A Grécia vai proibir o acesso de crianças menores de 15 anos às redes sociais a partir de 1º de janeiro de 2027. A medida foi anunciada nesta quarta-feira (8) pelo primeiro-ministro Kyriakos Mitsotakis e integra uma estratégia para reduzir os impactos negativos do uso dessas plataformas entre jovens.
Segundo o governo grego, a decisão é baseada no aumento de casos de ansiedade, distúrbios do sono e no caráter considerado viciante das redes sociais. A proposta também busca antecipar uma regulamentação mais ampla no âmbito da União Europeia, com a intenção de influenciar outros países do bloco a adotarem medidas semelhantes.
A iniciativa conta com apoio popular. Pesquisa divulgada em fevereiro indicou que cerca de 80% da população é favorável à restrição. Nos últimos anos, o país já vinha adotando ações voltadas ao controle do uso de tecnologia por jovens, como a proibição do uso de celulares em escolas e a criação de ferramentas de controle parental para limitar o tempo de tela.

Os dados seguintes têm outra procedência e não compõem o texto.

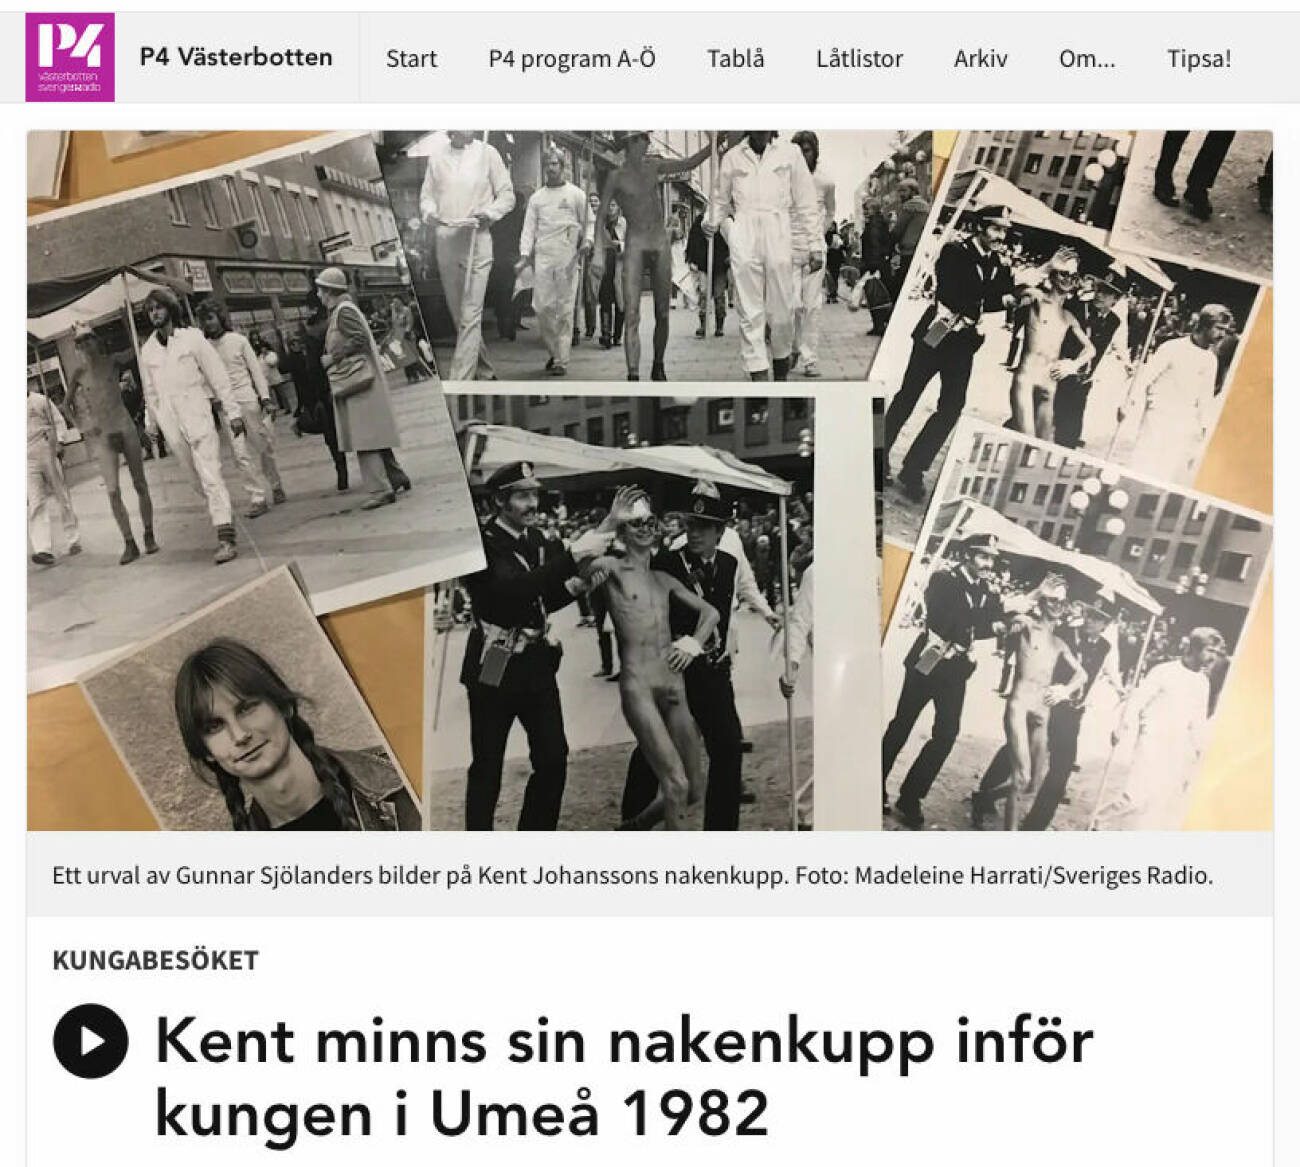 P4 Västerbotten om nakenkuppen mot kungaparet i Umeå 1982

A nova regra exigirá que plataformas digitais implementem mecanismos capazes de restringir o acesso por faixa etária. Caso não cumpram as determinações, as empresas poderão ser penalizadas com base na Lei de Serviços Digitais da União Europeia, que prevê multas de até 6% do faturamento global.

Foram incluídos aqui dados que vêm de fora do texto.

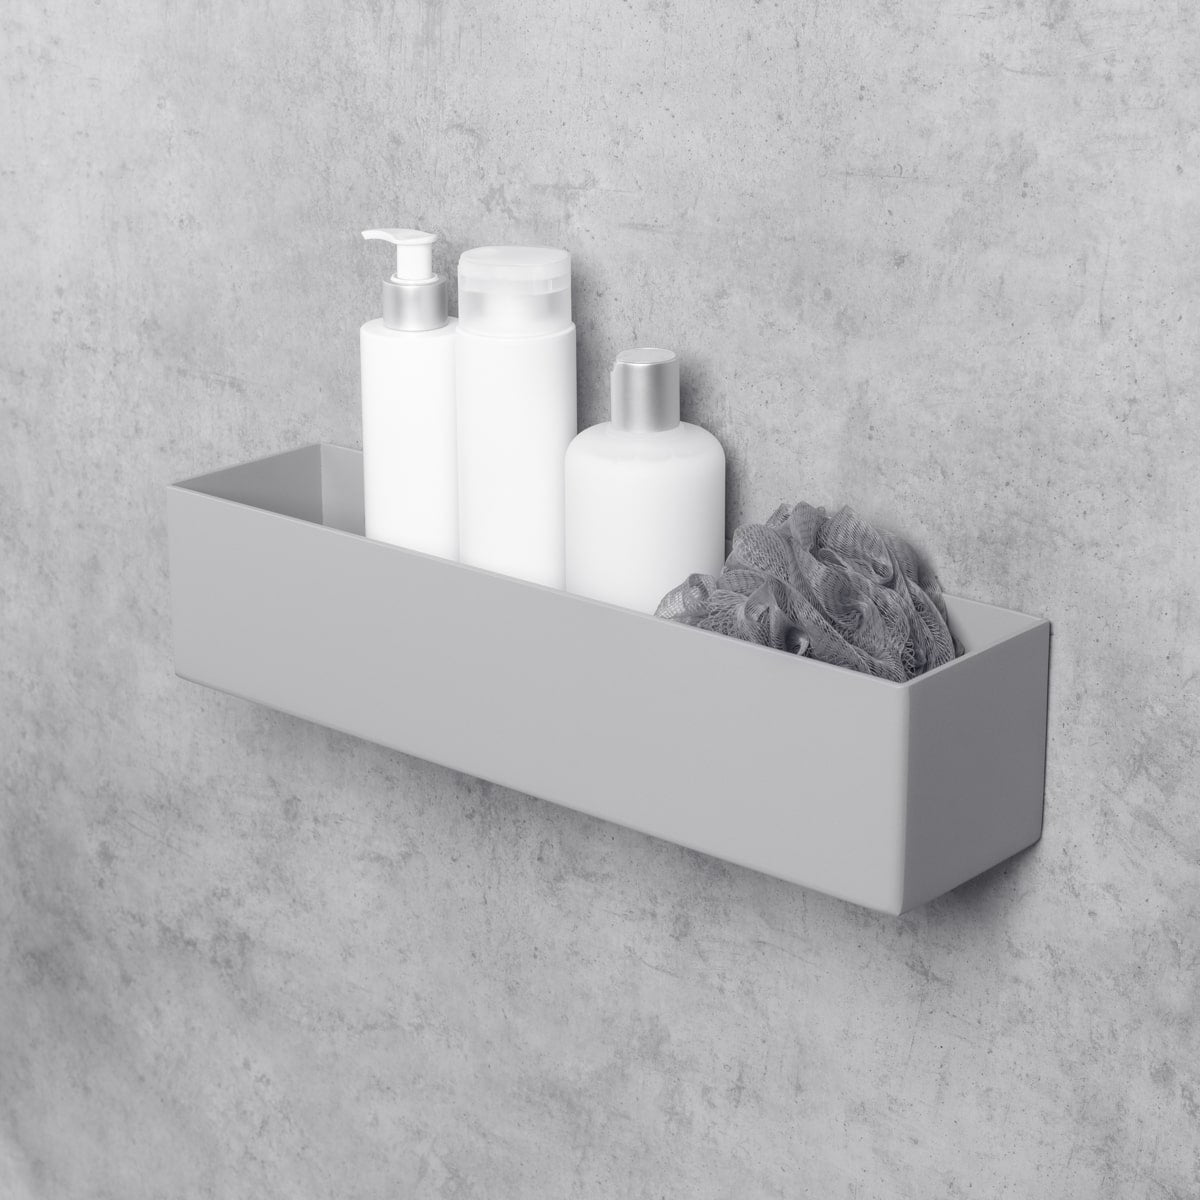 grey bathroom shelf-organizer basket

Experiências semelhantes já foram adotadas em outros países. A Austrália tornou-se a primeira nação a proibir o uso de redes sociais por menores de 16 anos, medida que afeta plataformas como TikTok, Instagram, Facebook e YouTube. Empresas do setor manifestaram preocupação com a eficácia das restrições, mas indicaram que devem cumprir as exigências legais.
O governo grego afirma que, além das plataformas, os pais terão papel fundamental na implementação da medida, auxiliando na supervisão do acesso de crianças e adolescentes ao ambiente digital.